When IOTstack is installed on something that isn't a Raspberry Pi, the majority of IOTstack device mappings cause problems. That's because the devices listed in the templates are all specific to the Raspberry Pi OS and hardware. Using ttyAMA0 in both Bluetooth and placeholder roles just adds complexity.

The closest IOTstack gets to dealing with this problem is the troubleshooting section of the Wiki which basically says "comment-out the devices".

That's a little unsubtle (I wrote it so I can say that) because it doesn't really deal with the nuances.

There's no real way to automate device discovery. I can't see how the IOTstack menu is ever going to be sophisticated enough to be able to auto-discover answers to questions like:

Absent the menu acquiring sufficient smarts, the only real solution is human involvement to customise compose files after the menu has created the basic scaffolding.

Generalising the placeholder problem

I'm going to use Zigbee2MQTT as my example but the same principles apply to Octoprint and the old-menu version of Deconz.

The current Zigbee2MQTT service definition contains:

devices:
  - /dev/ttyAMA0:/dev/ttyACM0

Interpretation:

It's a placeholder role so the "correct" replacement is:

devices:
  - /dev/serial0:/dev/ttyACM0

However, as discussed earlier:

In other words, serial0 being defined is the exception rather than the rule so, most of the time, docker-compose will refuse to start the container.

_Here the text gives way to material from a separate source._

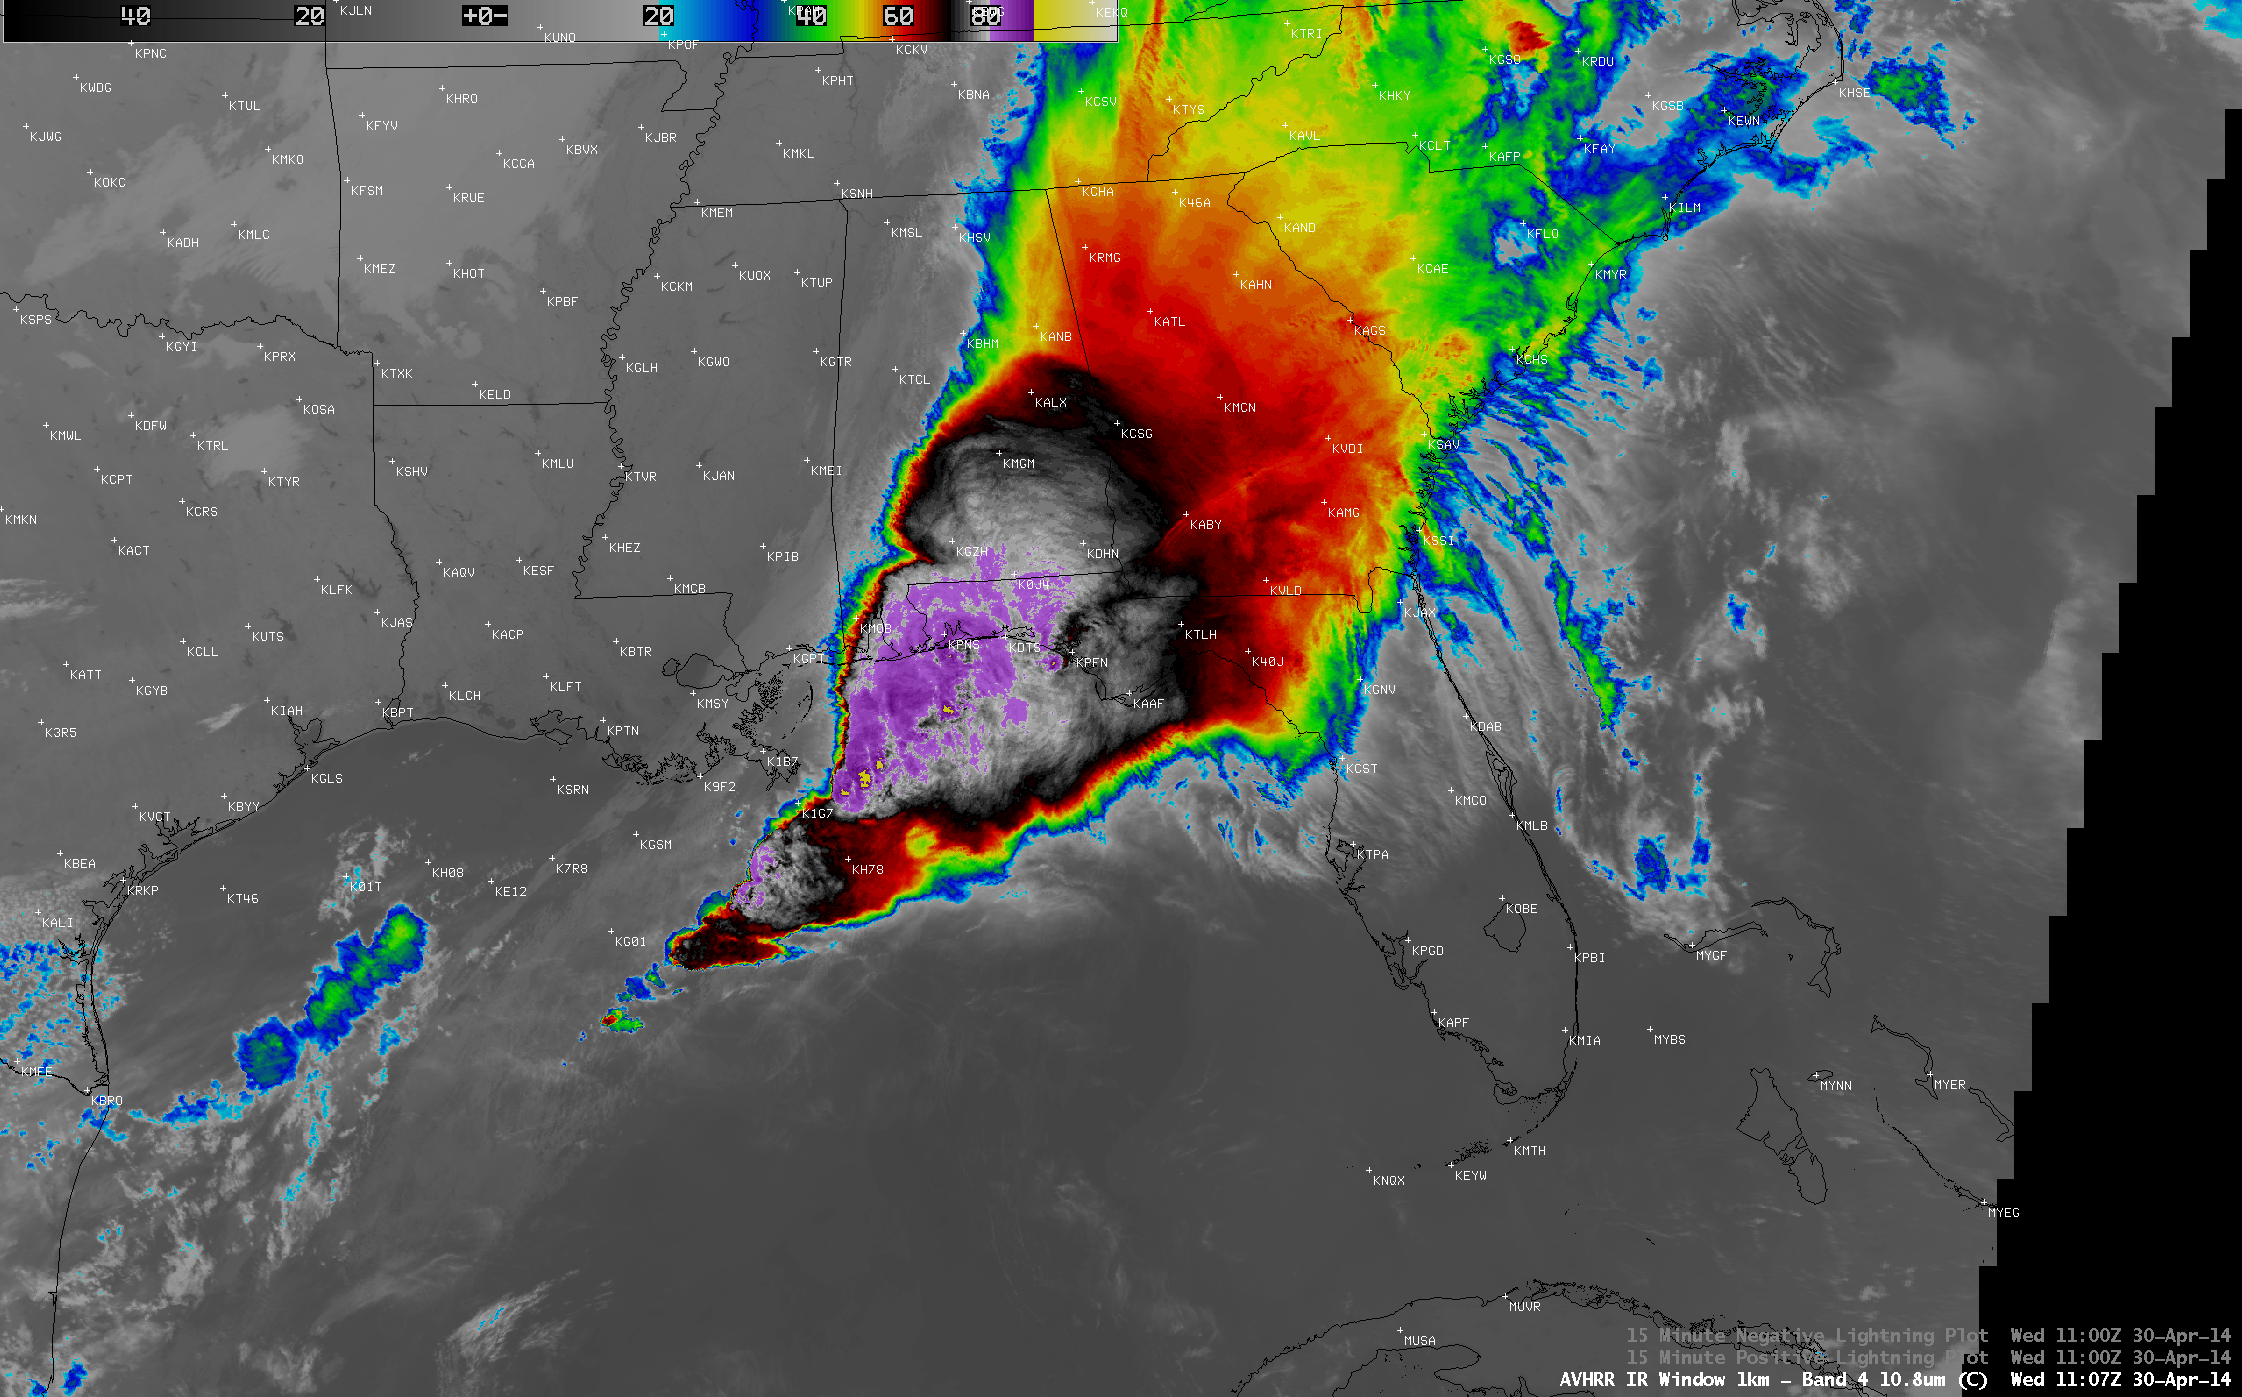 POES AVHRR 10.8 µm IR channel, Cloud Top Temperature product, and Cloud Top Height product at 11:07 UTC
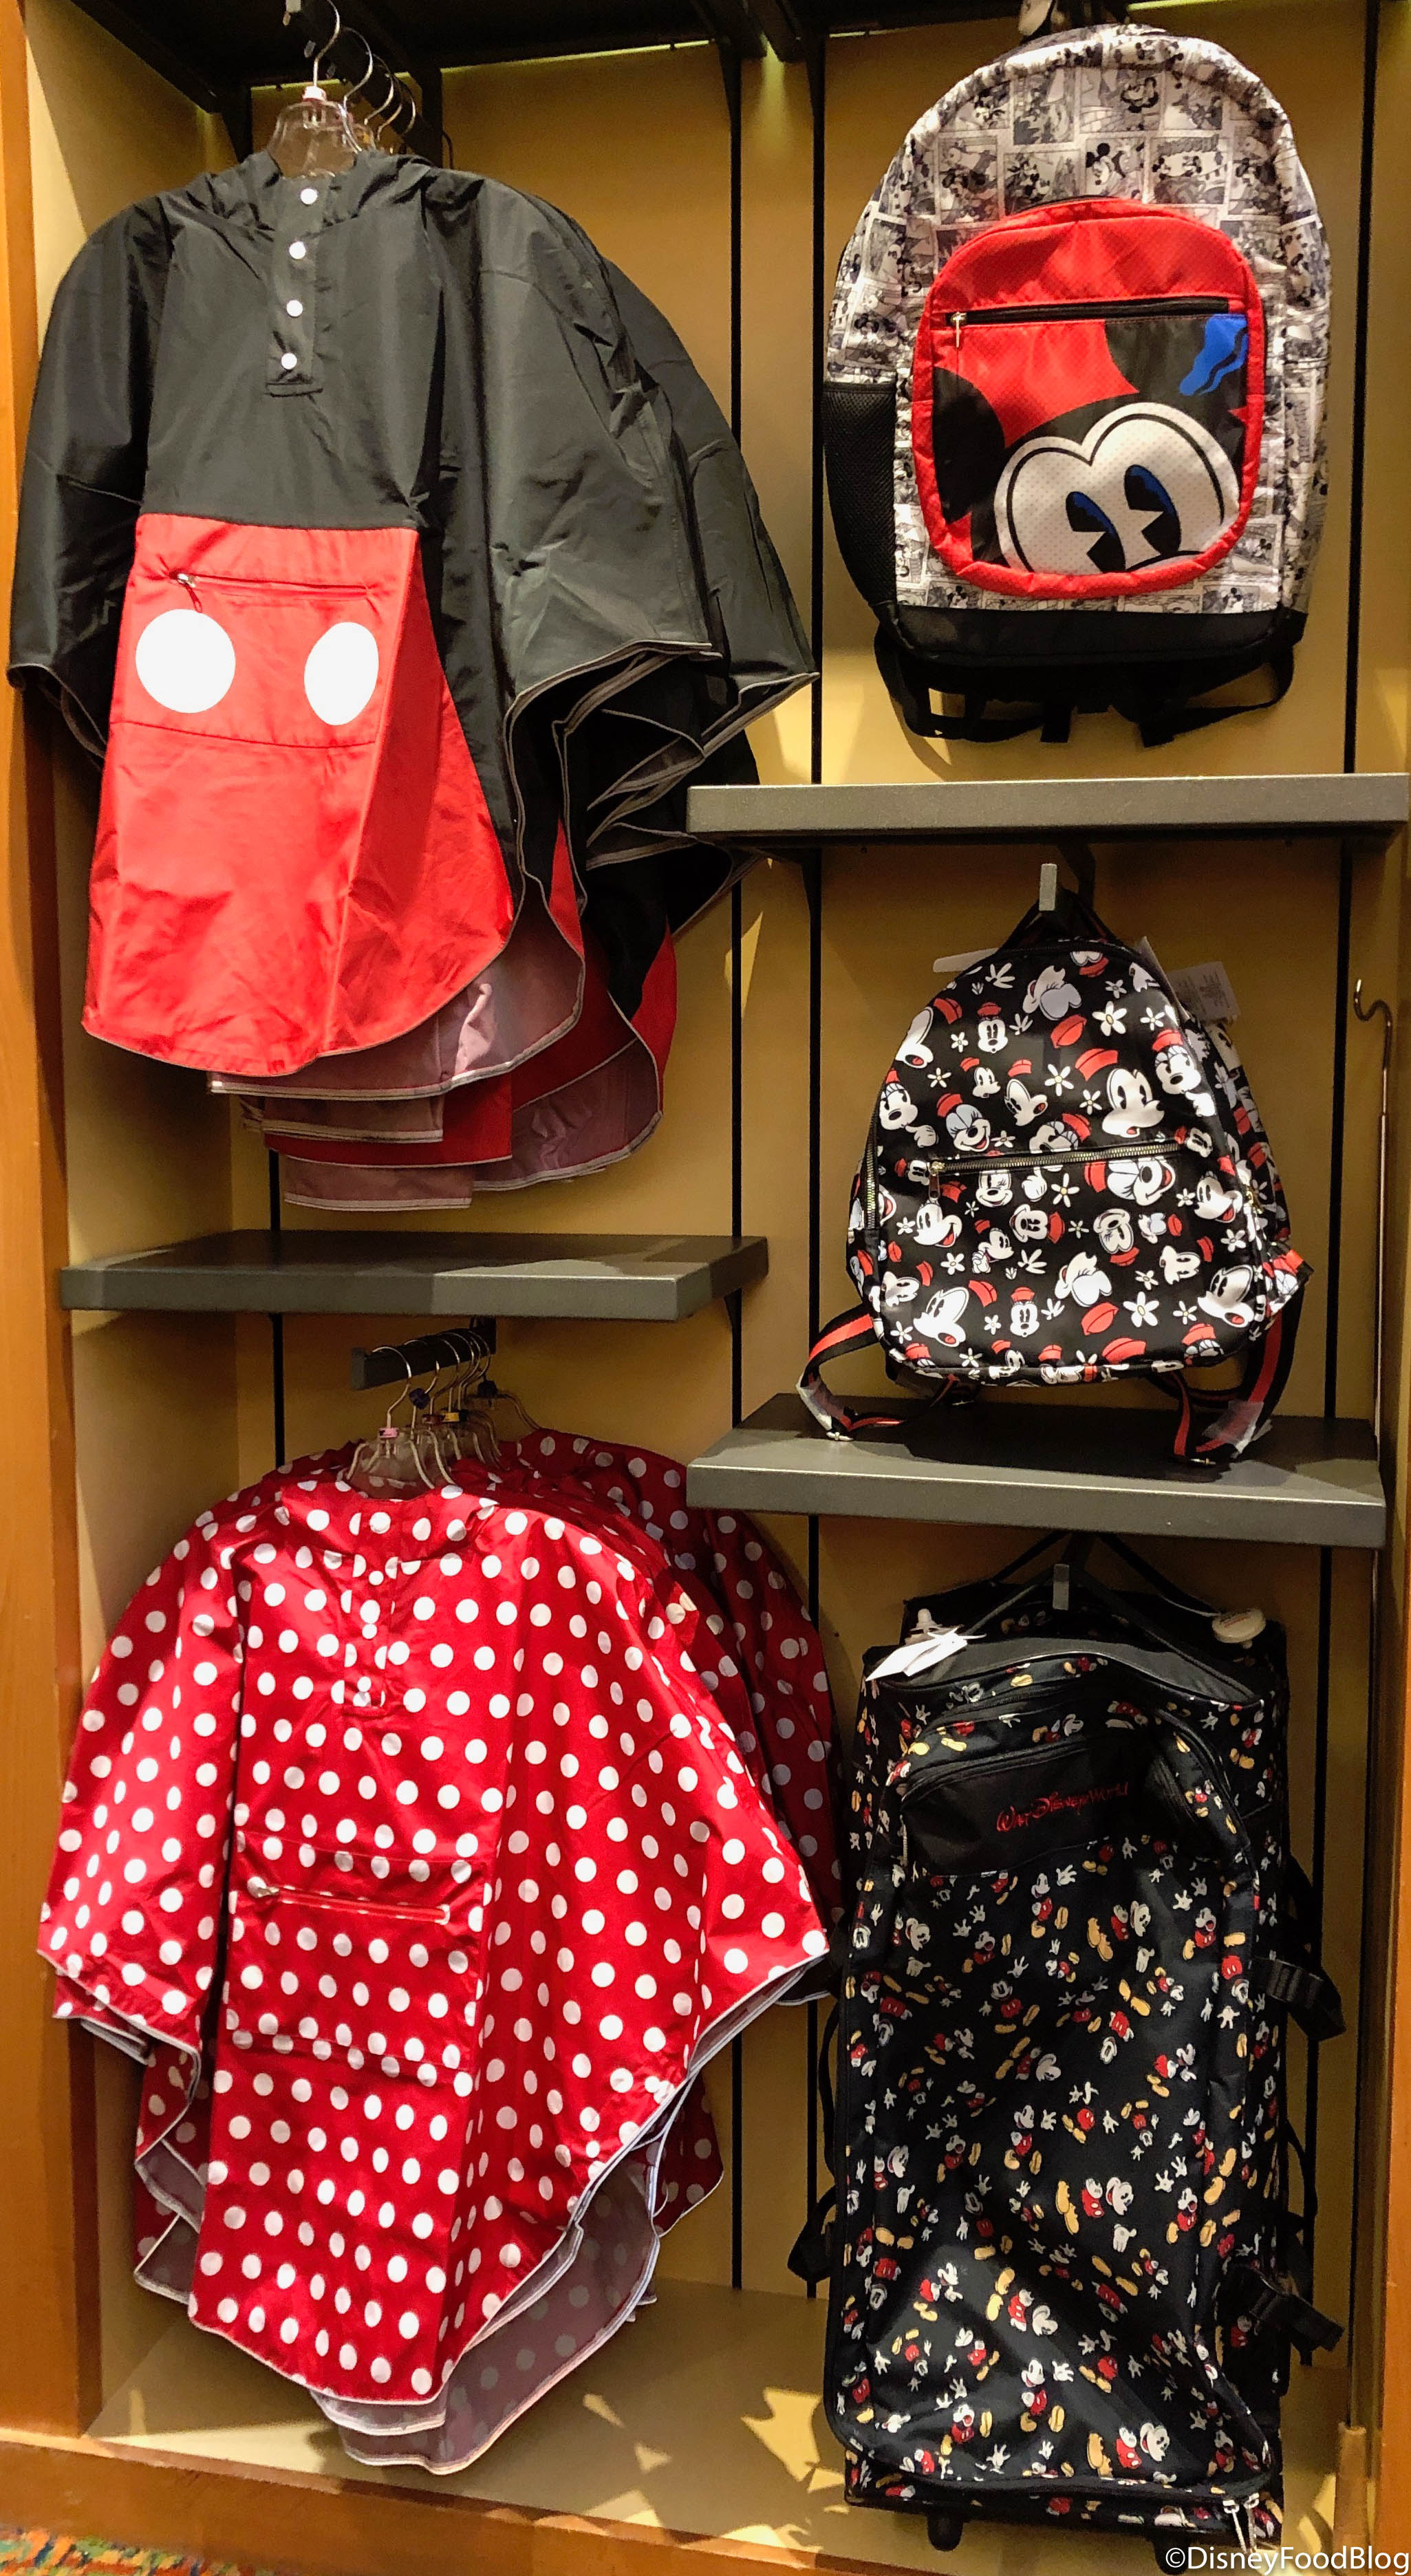 NEW! Disney Character and FOOD Inspired Rain Gear Spotted

That leads to the temptation to perpetuate the both the current solution and the current problem by falling back upon serial1 for no better reason that "it's there":

devices:
  - /dev/serial1:/dev/ttyACM0

Well, it's there on the Raspberry Pi so it will keep docker-compose happy on the Raspberry Pi. But it will still fail on non-Raspberry Pi.

Plus, even though serial1 keeps docker-compose happy on the Raspberry Pi, it still doesn't actually work. A Bluetooth interface isn't a Zigbee adapter, or a 3D printer, or whatever else a container might be expecting. The user still has to provide the actual device the container is expecting.

More to the point, using serial1 as a placeholder masks the problem. The user gets no insights into why the Zigbee container isn't actually working.

Providing the actual device generally boils down to the choice of:

  1. Connecting the physical device to the Pi, seeing how it mounts (eg /dev/ttyACMx or /dev/ttyUSBx), using that device name on the left hand side of a devices: mapping, and accepting that device enumeration may well change the value of "x" thereby causing a mess; or
  2. Using a /dev/serial/by-id/«identity» path for a more robust solution; or
  3. Writing a UDEV rule to assign a human-readable name to the adapter (eg /dev/My3DPrinter or /dev/Zigbee_CC2531) and using that.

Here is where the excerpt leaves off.